B. Flimm
Das Streiflicht
Eine Kolumne von Bastian Flimm
Das Streiflicht II
Eine gewisse Unruhe machte sich breit, denn der Autor noch um Worte ringend, sollte in wenigen Stunden die sakrosankte Kolumne, erste Seite oben links, mit einem Schwall von Bonmots füllen. Und seinen Telefon-Joker hatte er schon verballert. Und zwar mit einer SMS an die bessere Hälfte mit dem Wortlaut: „Was soll ich nehmen? Weil ein Igel ein Metallstück über den Hof schiebt, wird Polizei alarmiert; oder Haarlocke von Abraham Lincoln für 81.000 Dollar versteigert.“ Aber das Handy schwieg. Keine Antwort von der Liebsten. Genau dies sind die dunklen, abgründigen Momente des irdischen Daseins. Man steht vor einer steil aufsteigenden, unüberwindbaren Felswand, man weiß nicht weiter, es beginnt zu regnen und zu gewittern und das schlimmste: man ist allein.
Sollte dies nicht der Moment sein, in dem man, Brust nach vorne, den Widerständen trotzt? Ja natürlich. Aber woher die Mittel nehmen? Welch kluger Kopf neigt sein von den Epochen verblichenes Gesicht zu mir hinunter und flüstert einen erhellenden Gedanken ins Ohr? Während ich darauf warte, wird mir zunehmend bewusst, dass sich dies als Übung in Geduld herausstellt, welche überhaupt eine interessante Tugend ist, da sie ziemlich leise daherkommt. Die sprachliche Herkunft des Wortes ‚Geduld‘ lässt sich bis ins 8. Jahrhundert zurückverfolgen. Das zugehörige Verb ‚dulden‘ hat seine Wurzeln in dem indogermanischen Wort für tragen bzw. ertragen. Das gefällt mir schon ganz gut, denn etwas zu tragen, stellt eine konkrete Aktivität dar. Jetzt mal ganz ehrlich, wenn der goldene Ratschlag eines Freundes „Sei geduldig!“ einem wie ein nasser Waschlappen auf die Stirn klatscht, wer weiß da schon, was zu tun ist? Das bedeutet so viel wie „Jetzt tust du erstmal nichts!“, oder?

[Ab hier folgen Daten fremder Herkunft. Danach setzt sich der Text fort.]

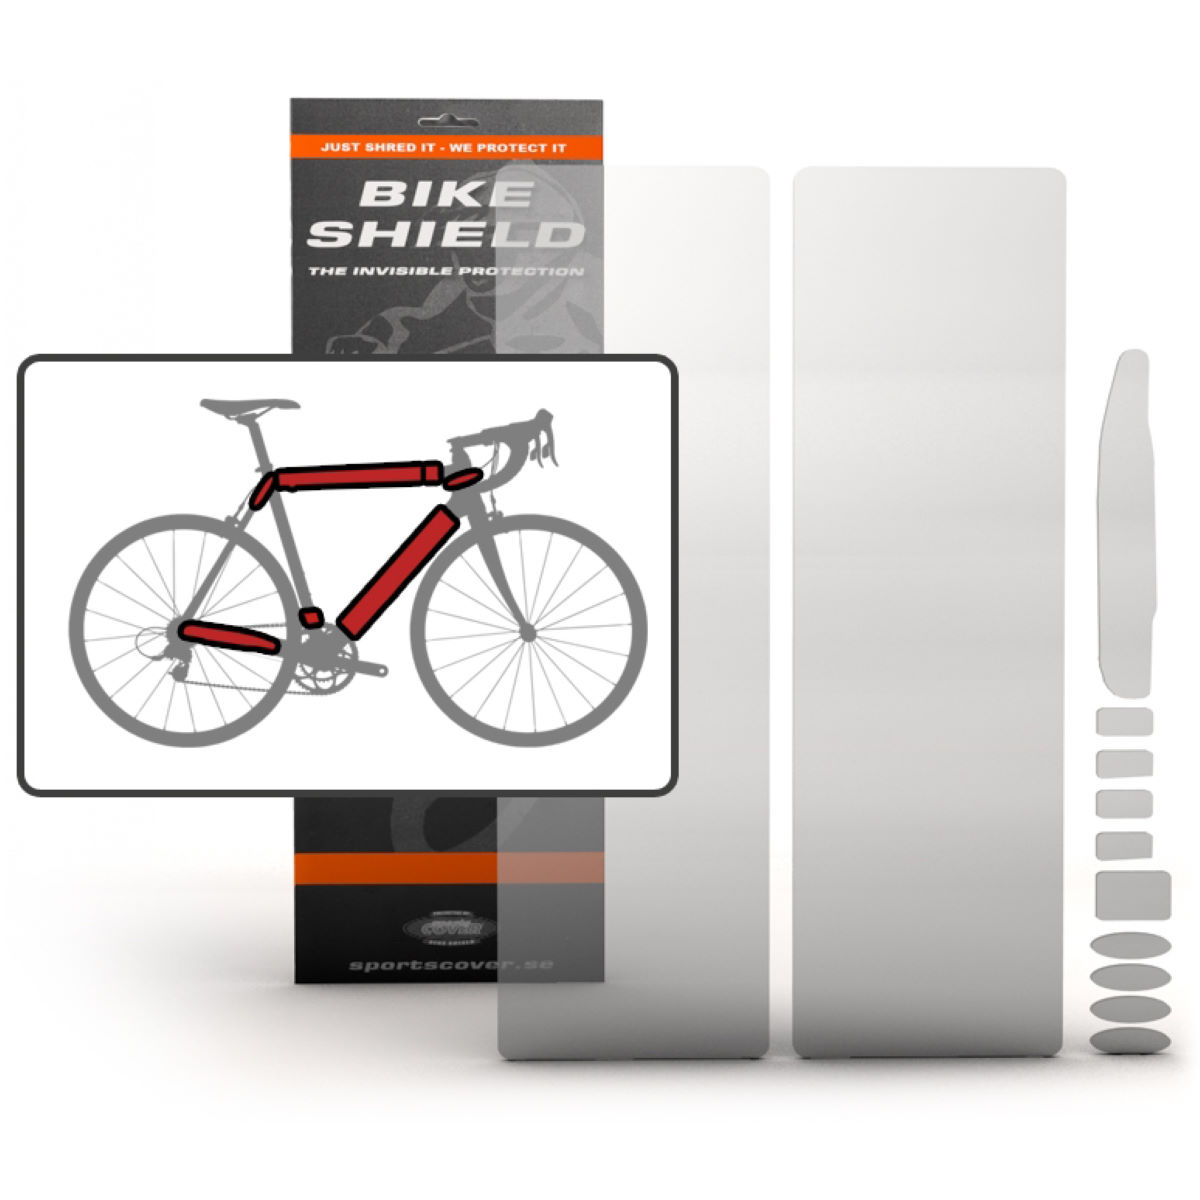 Pack completo de protectores sobredimensionados Bike Shield - Protectores de cuadro

Wenige Schritte vor der beruflichen Bedeutungslosigkeit, nahezu mittellos und schon darüber rätselnd wie die Monatsmiete zusammengehökert wird, hörte ich dennoch den leisen Ruf von Freifrau Marie von Ebner-Eschenbach. „Wer Geduld sagt, sagt Mut, Ausdauer, Kraft.“ Nun das war ein Schritt nach vorne, und der Begriff von Geduld wurde etwas plastischer. Ganz bestimmt ist Geduld eine Tugend, die individuell ausgeformt werden will, damit sie ihre Kraft entfalten kann. Daraufhin sprang ich vom Stuhl, fest entschlossen all diese zusammen gekehrten Abstraktionen in eine Tat zu verwandeln, begab mich zur Teeküche, legte mir einen nassen Schwamm auf den Kopf und streckte die größte greifbare Kaffeetasse mit der Aufschrift „ich bin toll“ wie einen heiligen Gral in die Höhe. Die verwunderten Blicke der Kollegen kreuzten sich mit dem Handygezwitscher aus meiner Hosentasche; die Antwort SMS meiner Frau lautete: „Nimm den Igel“. Ach wie schön, jetzt weiß ich endlich was ich schreiben soll, und wie gut das tut, wenn im Endspurt die willkürlich auseinandertreibenden Teile des Universums zielsicher auf einen kugelrunden letzten Punkt kommen.